La Russie vaut mieux que ça

Un contresens historique
(Photo AFP)

On en rirait presque. Vladimir Poutine a demandé aux pro-Russes ukrainiens de ne pas procéder à leur référendum, ils ne veulent rien savoir. Les bulletins sont prêts et on votera même, s’il le faut, dans une boîte à chaussures. Le ridicule ne tue pas,  mais ce début de guerre civile entre pro-Russes et pro-Européens fait déjà beaucoup de morts. Il n’est pas excessif de dire que Poutine en porte toute la responsabilité.

IL EN EST responsable parce qu’il n’a jamais eu d’autre priorité que sa victoire sur toute la ligne. Il vise à une Ukraine rendue aux oligarques corrompus. Il vise à une Ukraine russe qui ne pourra jamais se développer.

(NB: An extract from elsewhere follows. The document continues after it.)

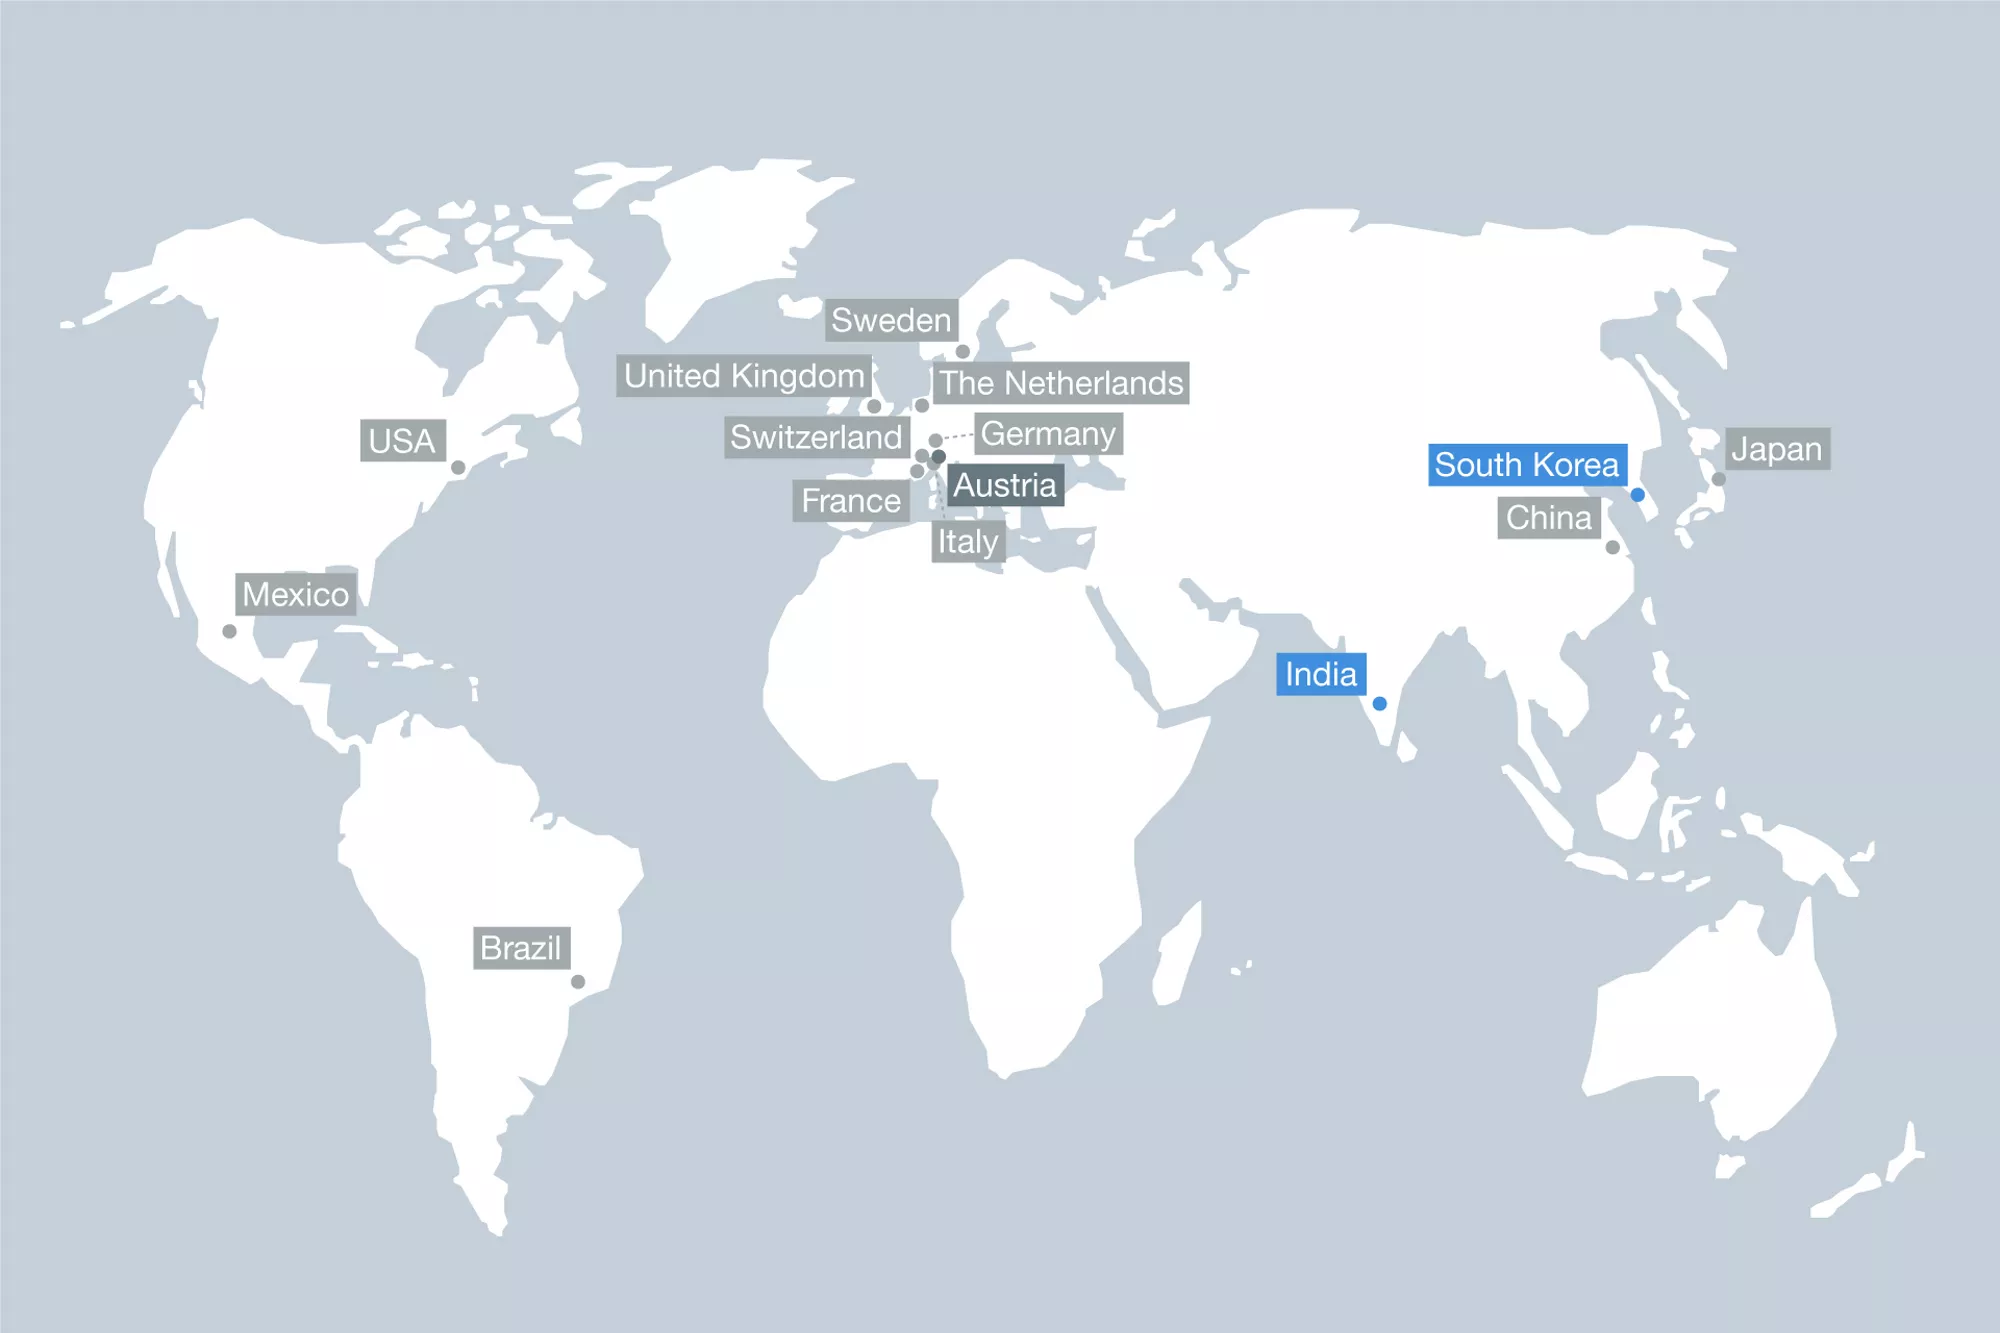 Weltkarte mit Plansee Unternehmensstandorten weltweit

Il a encouragé les amis de Ianoukovitch, l’ex-président déchu, à créer le climat de violence; il a conquis la Crimée sans coup férir ; il a sans cesse opposé sa propre brutalité au désir démocratique ; il a massé 40 000 hommes de troupe à la frontière ; il procède par intimidation ; il va aussi loin dans le recours à la force que le laissent aller l’Europe et l’Amérique, incapables, bien sûr, d’entrer en guerre contre lui. Il ment : il fait annoncer à Genève par son ministre des Affaires étrangères un accord de détente qui ne trouve sa traduction nulle part. Il annonce mercredi dernier qu’il retire ses forces à la frontière, elles ne bougent pas. Il n’a pas d’autorité sur les pro-Russes ou feint de ne pas en avoir.

Aucun scrupule.

Vladimir Poutine, en réalité, est un anachronisme à lui tout seul. Il rêve d’un bloc eurasiatique qui reproduirait sous une autre forme le bloc soviétique dont il a l’intense nostalgie, sans mesurer les difficultés de sa tâche, sans se douter que la grandeur de la Russie serait mieux assurée par le choix d’un système réellement démocratique, sans deviner que le retour des Russes aux libertés consacreraient sa gloire, à lui, Poutine. Il n’est pas coupable de nourrir un sentiment fortement nationaliste, il se trompe parce qu’il croit que la Russie ne peut être bien servie que par l’autorité indiscutée de son président, par la soumission de son peuple à la nouvelle Nomenklatura, que par un cynisme qui, par définition, ne s’embarrasse d’aucun scrupule, que par l’acceptation d’une bonne dose de corruption.

C’est donc moins l’Ukraine qui est en jeu, bien qu’elle soit exposée à un danger mortel, que l’avenir même de la Russie qui vaut beaucoup plus que ce que Poutine veut en faire. Elle ne doit pas être dirigée par un homme qui a manipulé les institutions pour se faire élire alternativement président, Premier ministre, puis président, stratagème qui lui permet de gouverner sans arrêt et jusqu’à sa mort. Elle ne peut pas souscrire aux diffamations qui font de l’Ukraine un repaire de fascistes et de l’Europe un univers nostalgique du nazisme. Elle ne peut pas admettre que sa presse soit bâillonnée et ses dissidents emprisonnés ou envoyés dans des camps, comme au bon vieux temps de Staline. Le tort de Poutine, c’est d’asséner ses contre-vérités comme s’il n’y avait pas autre chose à dire sur les liens évidents qui unissent la Russie à l’Ukraine, comme s’il n’y avait pas d’autre moyen de triompher de l’aspiration des Ukrainiens à l’indépendance que par le chantage au prix du gaz, comme si on ne pouvait assurer le triomphe de la Russie que dans la violence et la conquête.

C’est sûr, les mots ne peuvent rien contre cette force rétrograde. Négocier ? Certes. Il faut constamment rappeler à Poutine que, avec une croissance faible, des évasions record de capitaux, et la fragilité d’une économie basée sur l’énergie seulement, il a besoin d’amis plus que d’ennemis. Jamais l’entreprise nationaliste, à l’heure de la mondialisation, n’a paru aussi funeste. Elle représente un formidable contre-sens. Elle est mère du laxisme, de la violence, de la douleur. C’est d’une Russie en Europe que les Russes ont besoin.